И в ответ ему сотня голосов закидала надрывно:
— Мы пощадим!
— Мы знаем!
— Пощадите нас!
— Пощадим!
— Пощадим!
Куда исчезли запретительные надписи, параграфы, разделы и пункты? Кто попрятал четко урисованные дощечки с постановлениями, приказами и выписками из правил?
В коридоры, пронизанные сиянием начищенного бетона, белых потолков и стен, ворвались женщины в черном. С ними влетело в палаты и залы уличное беснованье, и впереди них, над ними, удесятеренные простором коридоров, неслись слезные вопли Марты Бирман:
— Я по-о-мню, Альберт! Я помню!
И потом:
— Вот здесь лежал мой муж, мой муж, женщины!
И снова:
— Я по-мню, Альберт, я помню!
Тогда емкие мужские голоса замешались в стенания женщин:
— Вынесите нас на улицу!
— Покажите нас людям!
— Несите меня в кресле — пусть посмотрят, что такое война! Вот, вот, смотрите, что такое война!
— Возьмите всех, кого можно поднять с постели!
И какой-то обмотанный бинтами чурбан гулко орал сквозь черную дыру, зиявшую в марле там, где мог быть рот:
— Покажите меня, я умею ходить! Покажите меня, я хожу!
В распахнутых халатах, в бинтах, бандажах, с гипсовыми перевязками, на клюках и палках раненые ковыляли и прыгали из палаты в палату, созывая:
— Кто может — на площадь, в город!
— Кто может — поднимайся!
А из палат отвечали этому зову немолчные стоны и проклятья.
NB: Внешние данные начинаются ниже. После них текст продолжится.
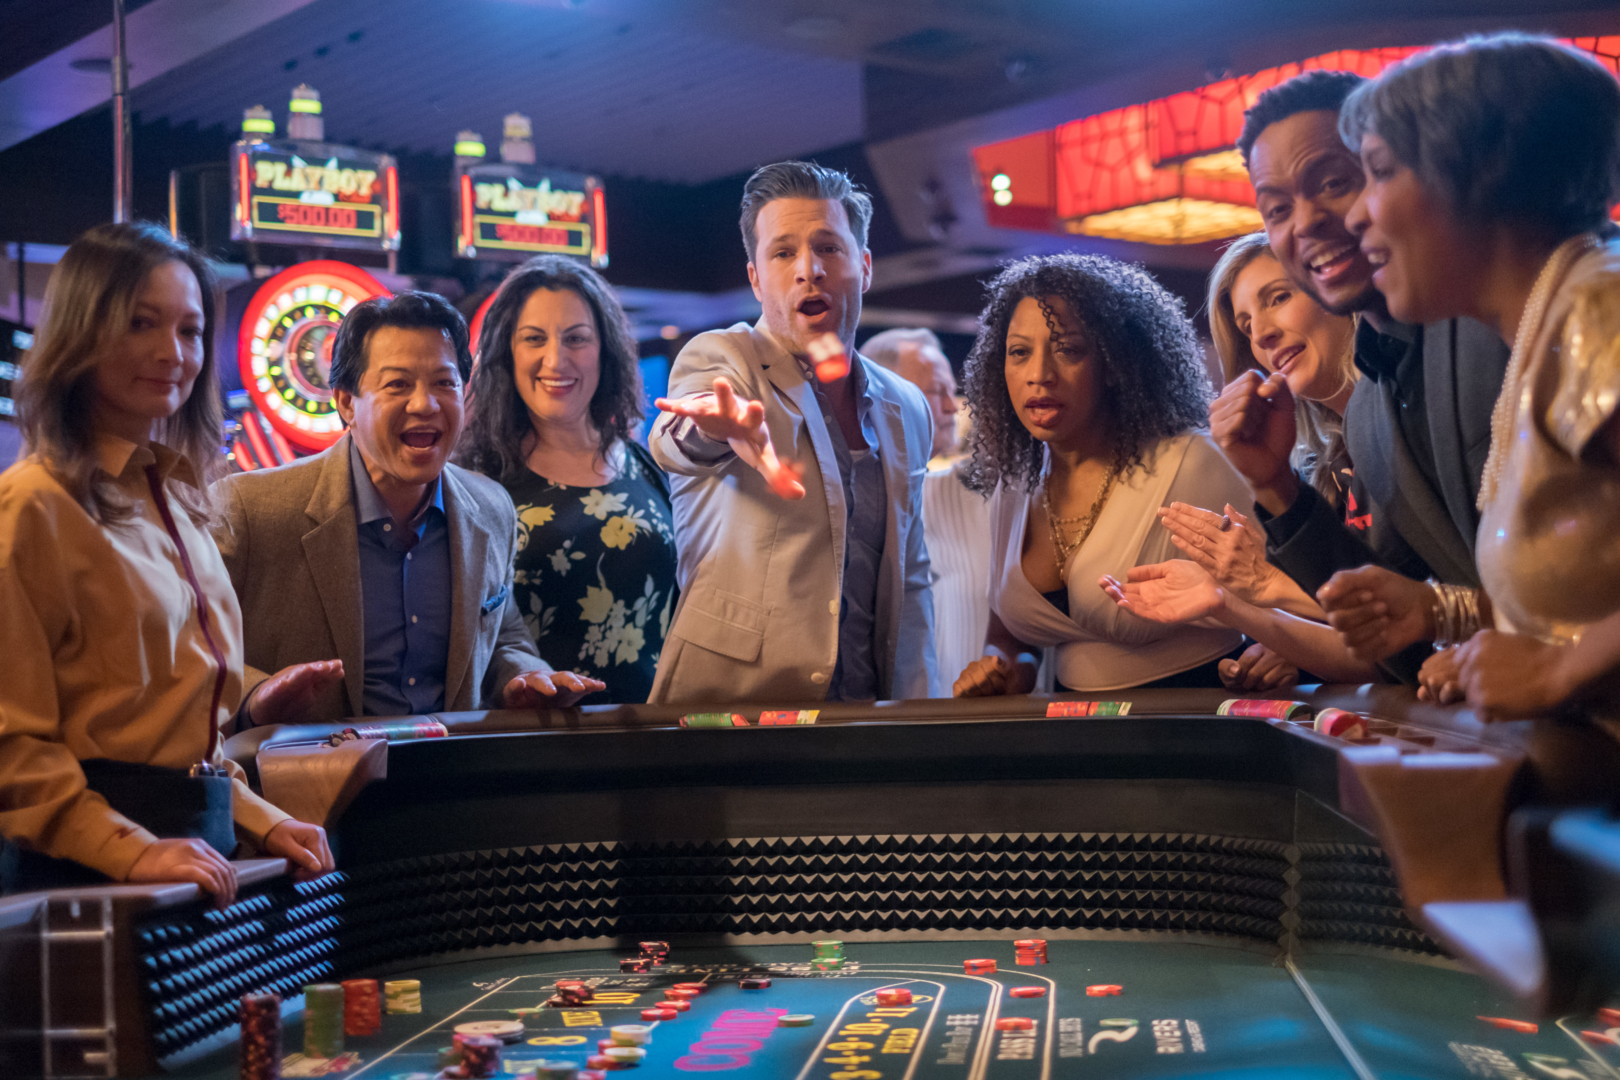 Casino Life Hacks

И вот толпа женщин с визгом и воем подняла над головами кресло и двинулась к выходу. В кресле на подушке полулежал человек с толсто забинтованным задом. Подножка кресла была открыта и пуста. Левая рука калеки висела привязанной за шею. Правой он слабо помахивал, то показывая на свое утолщенное перевязкой туловище, то грозя кому-то в пространство.
Перед фасадом больницы шествие долго колебалось, обрастая толпой. Женщины выкатывали на улицу кресла, коляски, стулья, усаживали в них раненых, и раненые размахивали костылями и что-то выкрикивали неслышными хрипами. Молодой солдат, скинув с одного плеча мундир, поднял поблескивавшую никелем и лаком руку, и следом за ним раненые, державшиеся без помощи женщин, заголили стальные, картонные, кожаные руки, и патенты заторкали, заскрипели, заныли своими пружинами и рычагами.
И тогда толпа взвыла неистовым разноголосым воем и, подняв на плечи калек, с креслами, стульями, носилками и протезами в руках, тронулась по аллее Бисмарка и дальше — по улице мимо кладбища, и дальше — на площадь ратуши.
И впереди толпы, со взмытой ветром креповой вуалью, как с флагом, шествовала вдова кавалера Железного креста Марта Бирман из Тейфельсмюле.
Это был странный день.
«Утренняя газета Бишофсберга» неожиданно утратила присущее ей красноречие и с большим трудом, как сильно заикающийся человек, пробормотала что-то о волнениях в имперской столице. Редактор жарко высказывался за необходимость повышения почтового тарифа, и фельетонист описывал героическую защиту Камеруна колониальными войсками. Весь остаток номера был заполнен божественными пустяками.